Beginner Python reply content: Thank you.
The serialization process is generally described in many Tutorials:
Object 1 -- serialization-> byte string -- deserialization-> Object 2
So many people do not know why serialization is required.
It is estimated that many people have heard that Python has poor performance in processing computing-intensive tasks. Generally, it cannot fully use the advantages of multi-core CPU. At this time, it will use multi-process optimization.
There is a multi-process computing method. The process is divided into master and worker, the master is responsible for scheduling tasks, and the worker is dedicated to computing, such as the Celery database.
Then the problem arises. A task generated in the master must be handed over to the worker for calculation. Because the memory is isolated between processes, the worker cannot directly access the task object.

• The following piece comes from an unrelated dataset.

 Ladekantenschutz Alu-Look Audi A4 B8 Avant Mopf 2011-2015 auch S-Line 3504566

Therefore, the master needs to express this object to the worker in some way, and the worker can construct this object (the proxy) based on this representation. This process is serialization and deserialization.
Pickle Is a serialization method inside Python, which has good support for Python objects. This Is also the reason why Celery uses pickle by default. Is Celery dependent on pickle?
.
From the serialization perspective, there is no essential difference between the pickle solution and JSON, YAML, XML, and so on.

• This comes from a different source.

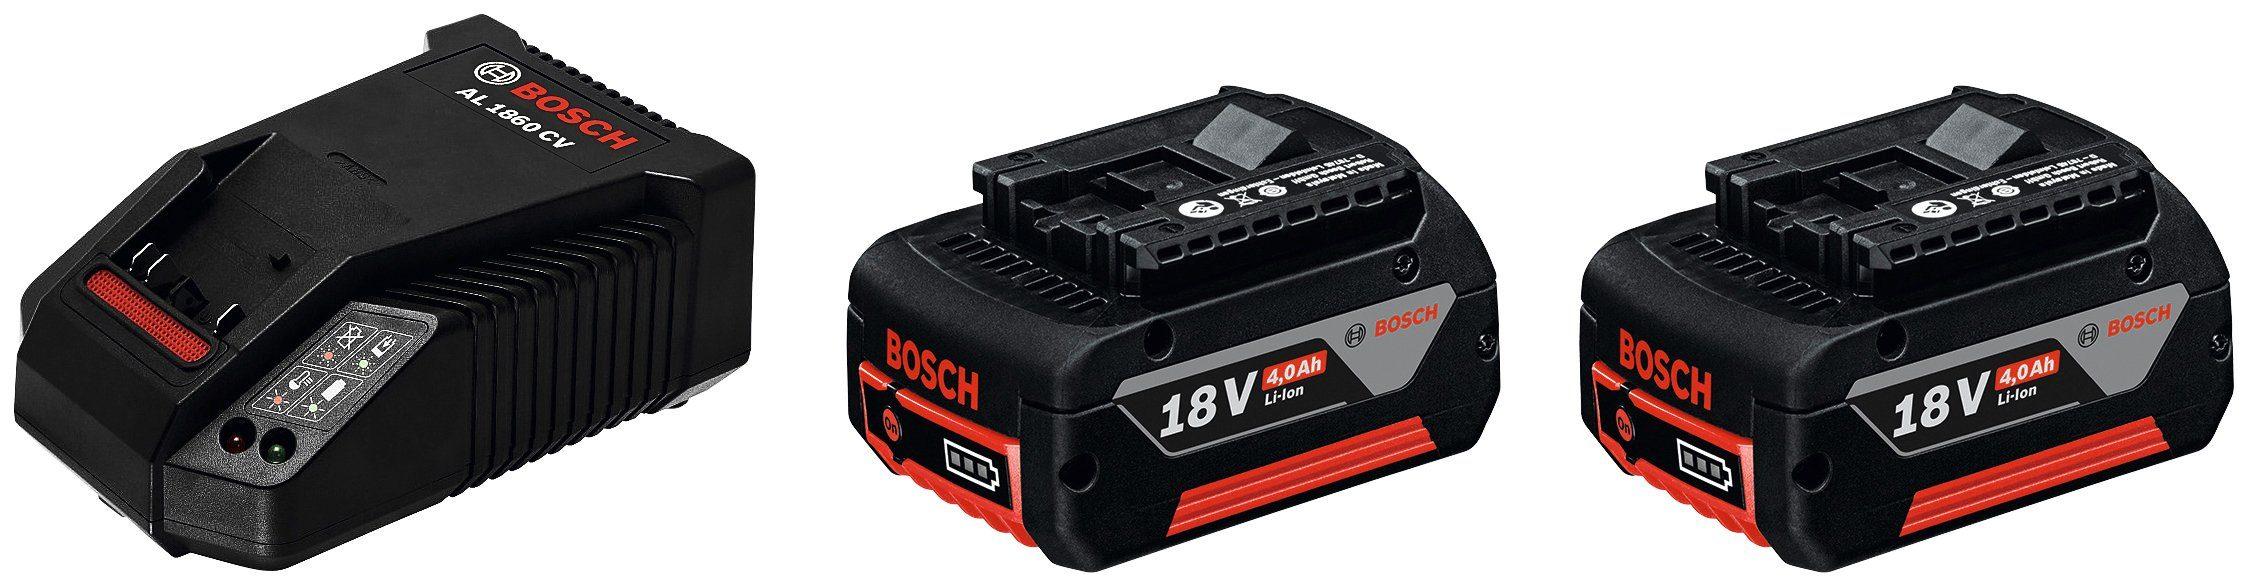 Ladegerät »GBA 18 V + AL 1860 CV«, 18 V 4 Ah

However, pickle is not secure enough to never deserialize pickle byte strings from untrusted sources. Therefore, the pickle solution is not suitable for network communication. Thank you. Pickle uses strings to represent variables in almost any format (all built-in types + pickle-supported class instances) and is usually used to store intermediate results.
What does this mean? For example, one day you wrote a program that would take a long time to run, so you decided to add the [Save the current progress to a file] function. If you can't finish running the program today, the archive can be read tomorrow to continue the progress of today.

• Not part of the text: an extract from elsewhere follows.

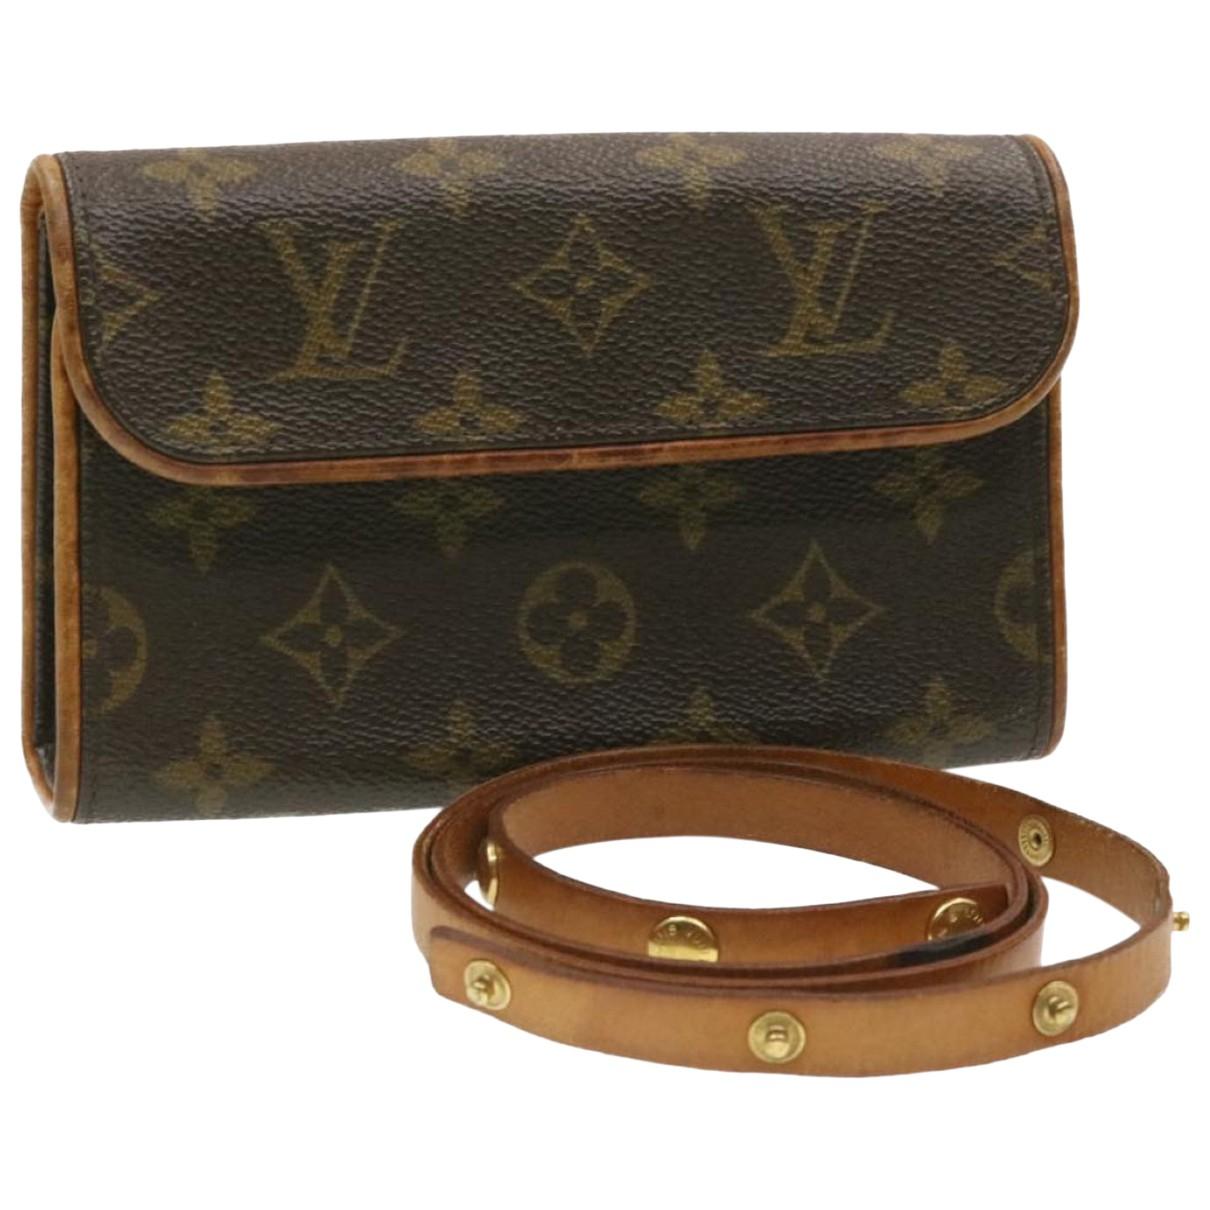 Louis Vuitton - Pochette Florentine pour femme en toile - marron

But the problem arises: the "current progress" is not necessarily a string, it may be a list, a dictionary, a set, or even an instance of a class ...... How to write such a mess into a file?
Therefore, pickle is useful.
>>> import pickle>>> data = {... '1': True,... 23.45: str,... print: set(),... b'hello': [0,0,0],... }>>> pickle.dumps(data)b'\x80\x03}q\x00(G@7s33333cbuiltins\nstr\nq\x01cbuiltins\nprint\nq\x02cbuiltins\nset\nq\x03]q\x04\x85q\x05Rq\x06X\x01\x00\x00\x001q\x07\x88C\x05helloq\x08]q\t(K\x00K\x00K\x00eu.'>>> pickle.loads(_){23.45:
,
: set(), '1': True, b'hello': [0, 0, 0]}
Have you ever played a game? Do you know how to Save/Load? The file function provided by python can only store and read data in string format.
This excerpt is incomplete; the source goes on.